We fit MTwDBN and logistic regression models to the pooled spiking activity of neural subpopulations defined by layers and neuronal types (Fig. 4). We first considered the ensemble of layer-wise populations (Fig. 4a) and quantified the net attentional modulation of dependencies across multiple timescales (Fig. 4b). At longer timescales ( > 60 ms lag)33, while attention weakened pairwise dependencies estimated by the regression models, in agreement with previous findings25,26, we found a strengthening of unique dependencies overall. The inferred modulation of shared component of dependencies showed a weakening by attention (Fig. 4b, bottom), thereby providing direct evidence for this previously hypothesized mechanism of perceptual improvement by attention25,26. MTwDBN-based unique dependencies between layers, specifically those between the input and superficial layers, an important link in feedforward processing, were strengthened by attention (Fig. 4c). On the other hand, shared dependencies within the input and superficial layers were inferred to be weakened by attention (Fig. 4d). Surprisingly, unique dependencies within the layers were strengthened by attention at most timescales (Fig. 4e). Taken together, these results provide direct evidence that attention improves unique dependencies both within and across stages of the laminar circuits of the ventral visual hierarchy, while weakening shared dependencies within these stages (Fig. 4f).
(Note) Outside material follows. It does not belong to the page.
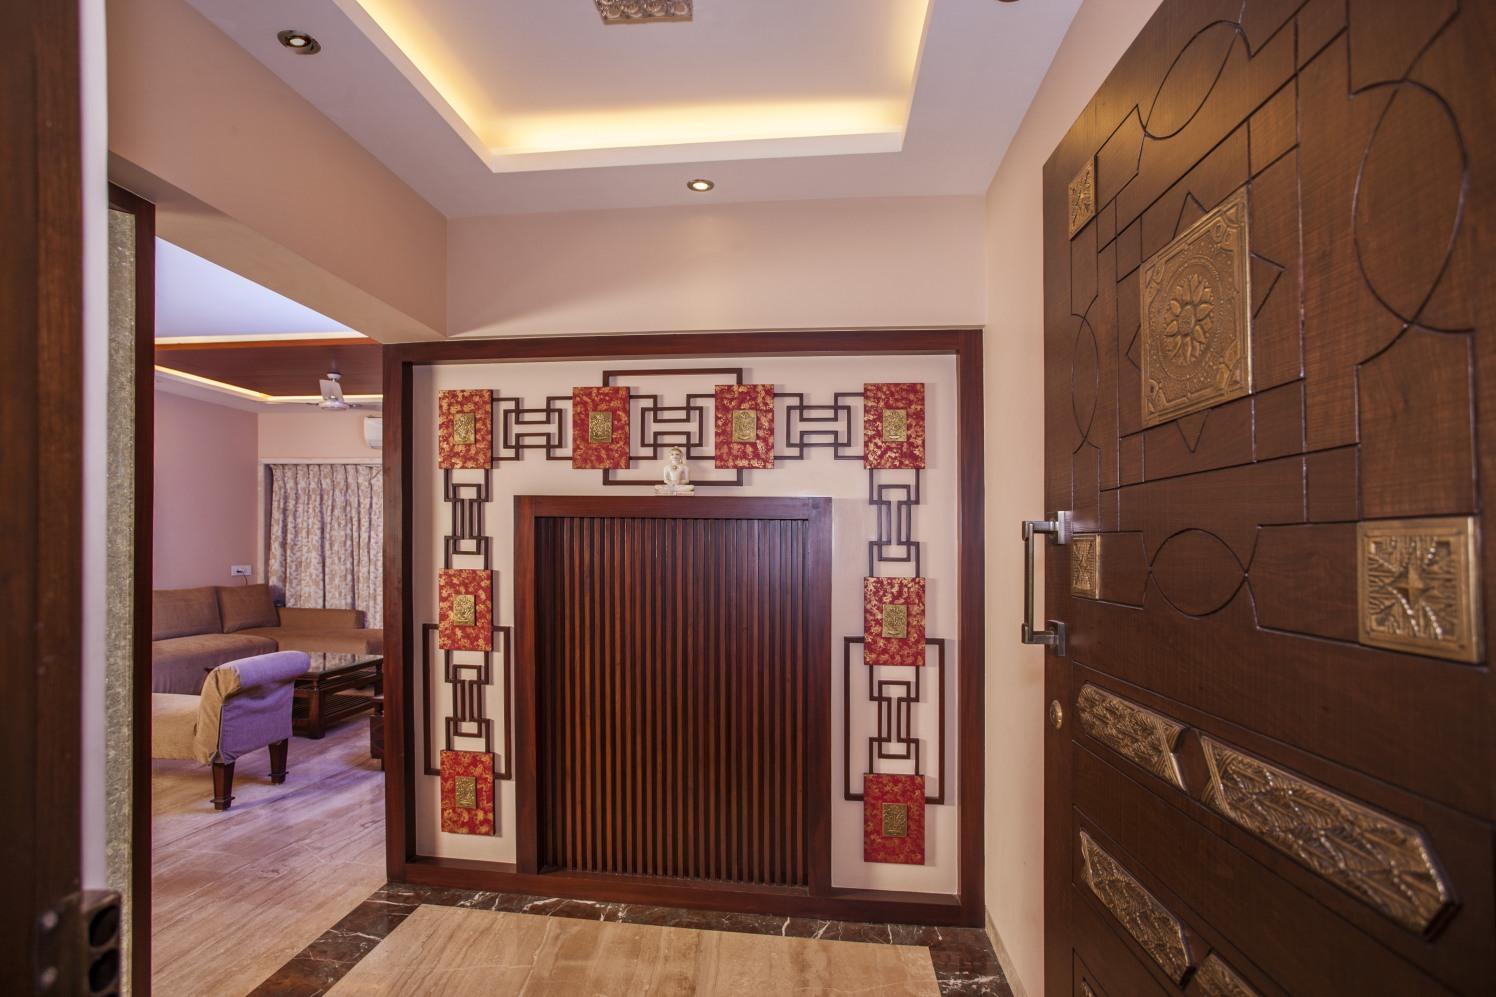 Mystique Brown by Plus One Interiors Indoor-spaces Contemporary | Interior Design Photos & Ideas

Neuronal cell classes in the cortex contribute differentially to information processing15,16,56. To test if the above results hold when we allow the discovery of cell-class specific dependencies, we next analyzed an ensemble of broad- and narrow-spiking layer-wise populations (Fig. 4g) and quantified the net attentional modulation of dependencies across different timescales (Fig. 4h). The pattern of net modulation of unique and shared dependencies in this ensemble largely mirrored that discovered in the layer-wise aggregated ensemble, specifically at the longer timescales. Same was the case for the modulation of unique dependencies between layers and shared dependencies within layers (consistent across both animals) (Fig. 4i, j). Theoretical predictions24 regarding the effects of shared spike-count covariation on information representation apply primarily to excitatory neurons which are the primary projection neurons in the cortex. When we quantified the attention modulation of shared dependencies within layers in a cell-class specific manner, we found that the broad-spiking population (putative excitatory neurons) showed a robust weakening of shared dependencies within layers (consistent across subjects) (Fig. 4j). On the other hand, the narrow-spiking population (putative inhibitory neurons) showed a distinct pattern, one that was dominated by a strengthening of shared dependencies within layers. Consistent with the findings in the aggregated ensemble, unique dependencies within the layers were strengthened by attention at most timescales (Fig. 4k). Taken together, these results provide direct evidence that attention specifically weakens shared dependencies in the projection populations within encoding stages, in addition to robustly improving unique dependencies both within and across stages of the ventral visual hierarchy (Fig. 4l).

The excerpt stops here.